1.4k views Asked by At

Sas has a procedure called rank that assigns a "rank" to each row in a dataframe according to the position in an ordered set of a variable, kind of; but the rank is not just the position: one has to tell the procedure how many groups use in the ranking. The rank is actually the group to which the row belongs.

In SQL terms, this is called a dense ranking.

Example (the salary variable is included for generality, but it is not used in this example):

Say we have this data frame:

Original

If we rank by age using 4 groups, sas would give us this: ranked

It is easier to understand what happened if we sort the data by the variable we ranked: ranked and sorted

Now we can see why rank gives us the position in an ordered set, kind of.

The rank procedure is very useful and cool, but I could't find in Deedle's doc how to perform it. Is there direct way to do it in Deedle or I need to create my own extension?

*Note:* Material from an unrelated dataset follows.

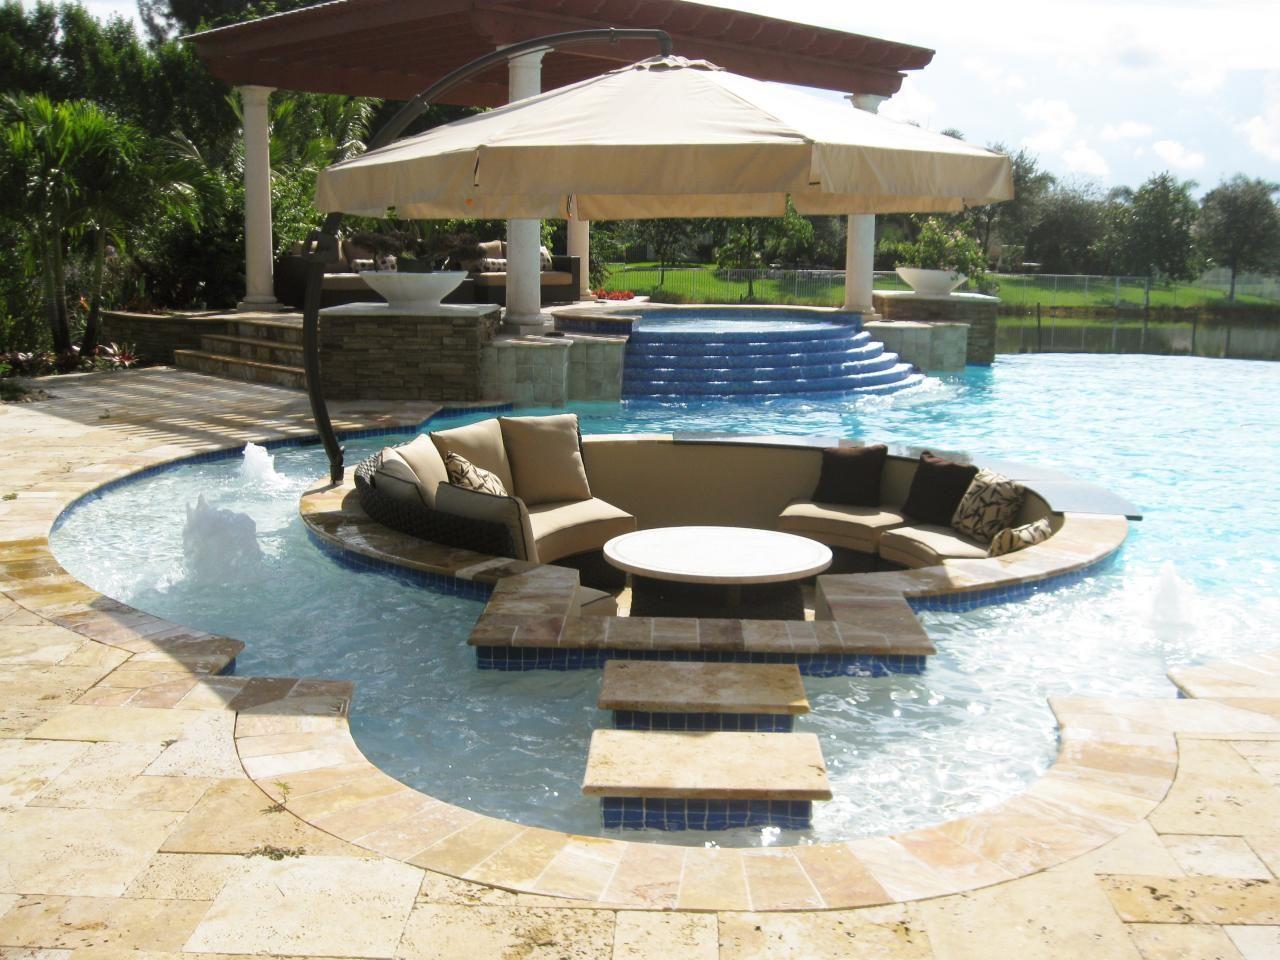 Dreamy Pool Design Ideas | Outdoor Design - Landscaping Ideas, Porches, Decks, & Patios | HGTV

I suppose I could do it using these functions:

SortRows(frame, key)
chunk size series
1

There are 1 answers

0
Lay González On BEST ANSWER

I wrote my own extension:

type Frame<'TRowKey, 'TColumnKey
        when 'TRowKey : equality
        and 'TColumnKey : equality> with
    static member denseRank column (groups:int) rankName frame =
        let frameLength = Frame.countRows frame |> float
        let chunkSize =  frameLength / (float groups) |> Math.Ceiling |> int64

        let sorted =
            frame
            |> Frame.sortRows column

        let ranks =
            Frame.getCol column frame
            |> Series.map(fun k _ ->
                int ((Frame.indexForKey k sorted) / chunkSize)
            )

        let clone = frame.Clone()
        clone.AddColumn(rankName, ranks)
        clone

where indexForKey is this other custom extension:

    // index for row with key
    // index starting at 0
    static member indexForKey (key:'K) (frame:Frame<'K,_>) : int64 =
        frame.RowIndex.Locate key
        |> frame.RowIndex.AddressOperations.OffsetOf

I tried this other definition hoping that it would run faster. It is slightly faster, but not by a lot; any comments on performance issues are welcomed:

static member denseRank column (groups:int) rankName frame =
        let frameLength = Frame.countRows frame
        let chunkSize =  (float frameLength) / (float groups) |> Math.Ceiling

        let sorted =
            frame
            |> Frame.sortRows column

        let sortedKeys = Frame.getRowKeys sorted

        let ranksArr = Array.zeroCreate frameLength

        sortedKeys
        |> Seq.iteri (fun index _ -> ranksArr.[index] <- index / (int chunkSize))

        let ranks = Series(sortedKeys, ranksArr)
        let clone = frame.Clone()
        clone.AddColumn(rankName, ranks)
        clone